The Absolute Environmental Sustainability Assessment (AESA) framework is an emerging field in environmental research that aims at comparing the estimated environmental burden generated by a system on its life cycle to the carrying capacity that can be assigned to this system, i.e. the amount of impacts that it can cause without causing unacceptable impairment of ecosystem functional integrity. This paper aims to expand the AESA framework to multifunctional systems. We applied it to a simplified case study based on municipal solid waste (MSW) management, since such a system provides several functions such as reduction of the quantity and toxicity of waste, production of heat, electricity or secondary materials. Thus, we could identify the specific questions that arise from this multifunctionality in the context of AESA.

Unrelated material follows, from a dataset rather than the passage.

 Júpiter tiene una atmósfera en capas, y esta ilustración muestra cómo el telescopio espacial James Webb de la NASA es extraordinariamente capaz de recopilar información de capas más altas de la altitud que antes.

Based on the theory of AESA, we developed a four-steps methodology to identify the most significant impacts at both system and global scales. That methodology consisted of (step 1) quantifying the impacts of the studied system with conventional Life Cycle Assessment (LCA) followed by a normalisation step; (step 2) quantifying the number of beneficiaries from this system; (step 3) identifying impact categories for which the studied system causes significant impacts and global carrying capacities are exceeded; and (step 4) quantifying the Assigned Carrying Capacity (ACC) of the system, based on a utilitarian perspective and its contribution to the satisfaction of human needs.
We then applied this methodology to a simplified model of the MSW management implemented in the Lyon Metropolitan Area (France), as a proof of concept. Steps 1 to 3 helped elaborate a hierarchy of impact categories, highlighting which ones should be reduced in priority. Step 4 required significant knowledge about how the functions of the studied system were used, both directly and indirectly, to satisfy human needs. We used national Supply and Use Tables and several simplifying hypotheses to that end. We also tested different sharing principles based on macroeconomic indicators. This variety of sharing principles helped refine the hierarchy developed in Step 3 by identifying which carrying capacities were most certainly exceeded by the studied system.